Problem requirements: The listing must be reproduced in full, exactly as it stands.

──────── Raw data

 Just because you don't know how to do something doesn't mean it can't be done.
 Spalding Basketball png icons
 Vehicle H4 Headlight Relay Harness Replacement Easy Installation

────────────────

Task answer:
 Just because you don't know how to do something doesn't mean it can't be done.
 Spalding Basketball png icons
 Vehicle H4 Headlight Relay Harness Replacement Easy Installation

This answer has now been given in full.